As ciências têm dupla função nesta mostra. Como criadores
de modelos de conhecimento, que dependem das imagens e dos efeitos estéticos,
necessitando de elementos mensuráveis, e como criadores de um pensamento, que
precisa sempre se auto contrariar.
A mostra se aventura a juntar estas esferas separadas: a
irracionalidade com a racionalidade, os espíritos com o espírito, a poesia com
a politica.
Abrangendo as linguagens clássicas como a escultura, a
instalação, a performance, a pesquisa, a pintura, a fotografia, o filme, bem
como linguagens novas como textos e trabalhos baseados no áudio, assim como
outros experimentos no campo da estética, arte, política, literatura, ciência e
ecologia. A hibridação causada pela convergência dos meios como cinema, vídeo e
instalação, cinema expandido, vídeo instalações que se somam às ações
performáticas, resulta em ambientes especiais, de maior impacto ao espectador.
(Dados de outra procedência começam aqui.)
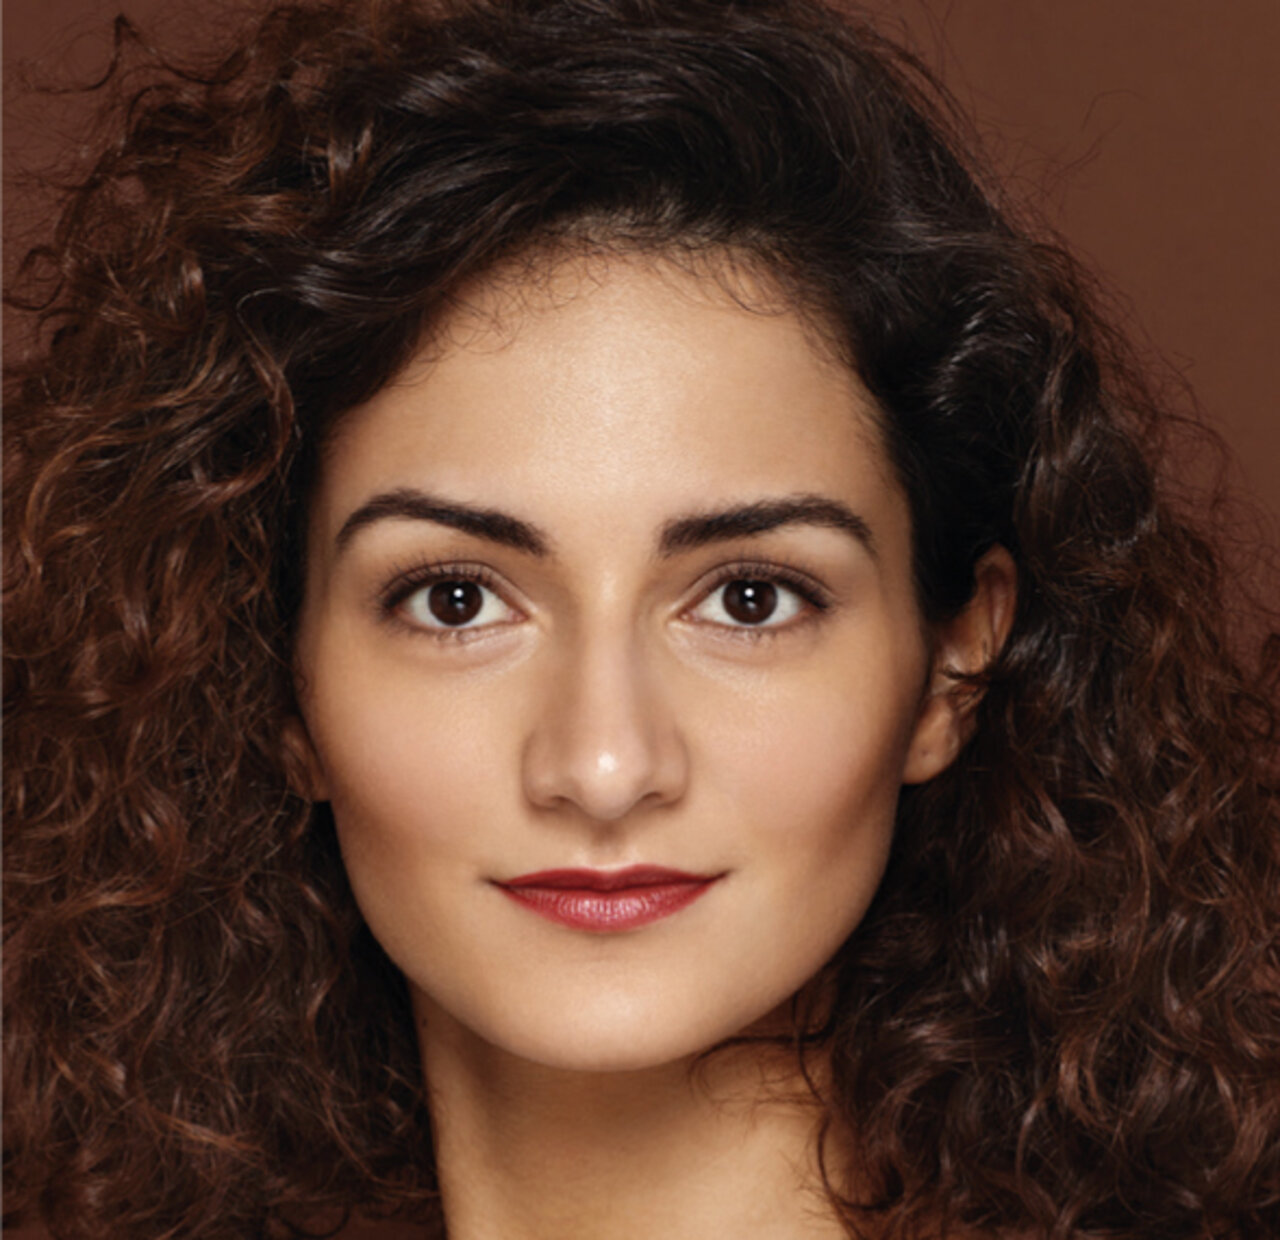 Portrait einer jungen Frau mit orangerotem Lippenstift, die einen mediterranen Typ mit dunklen Haaren und warmen Hauttyp repräsentiert
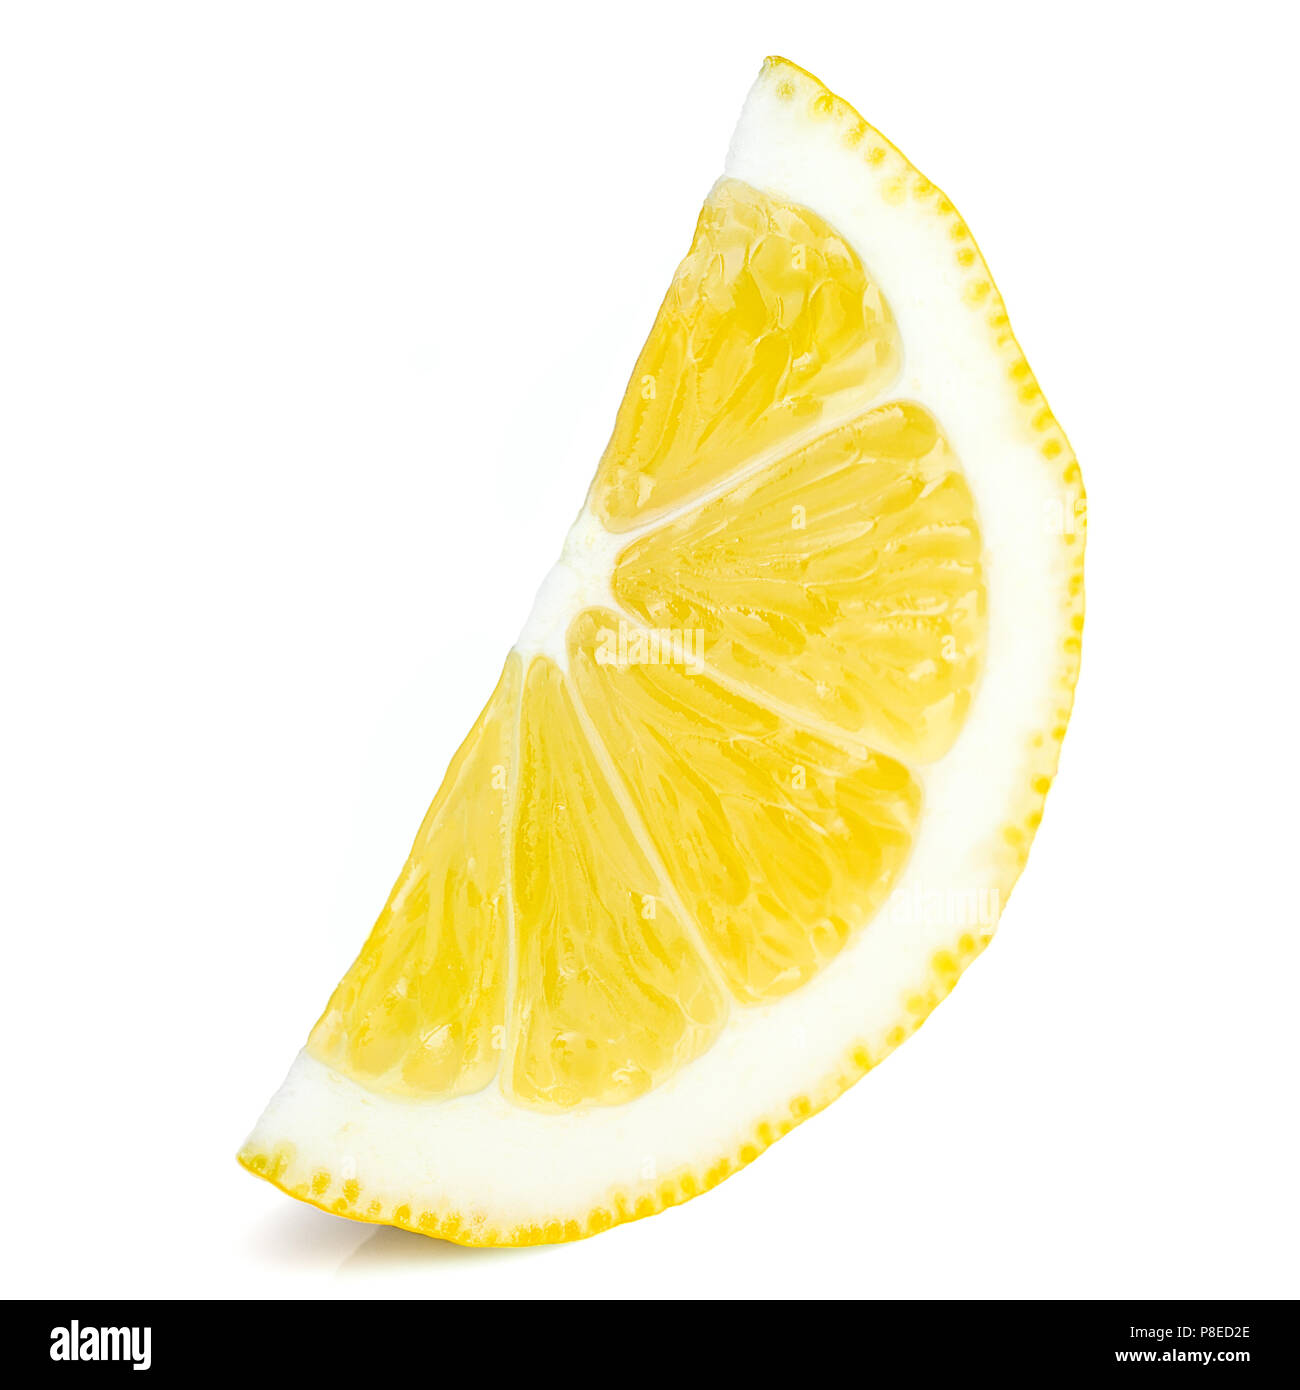 Juicy yellow slice of lemon, white background, isolated Stock Photo

Nisto
se inclui recentes estudos sobre a ‘gameficação’ da arte, dos processos
generativos e de mídias locativas. Lá também estão representadas pesquisas sobre
o futuro da net ou da web art, cuja
incidência pleiteia dos meios computacionais a criação artística.
O Tema
Esta 13ª edição da dOCUMENTA
tem como tema principal ”colapso e
recuperação”.
Mesmo com a Curadora Carolyn Cristov-Bakargiev dizendo”..eu
não tenho conceito..”,(2), se mostram
conceitos centrais como a ecologia e a sustentabilidade. Associa a Arte
à Natureza, sugerindo que Arte é Natureza. Os contextos e poéticas apelam a
dimensões mais humanísticas. Carolyn Cristov-Bakargiev se refere muito a Beuys,
um nome consagrado em outras edições da dOCUMENTA(13), e dá um passo adiante
derrubando barreiras intelectuais e abrindo novas perspectivas mostrando a extensão
das possibilidades do mundo artístico contemporâneo.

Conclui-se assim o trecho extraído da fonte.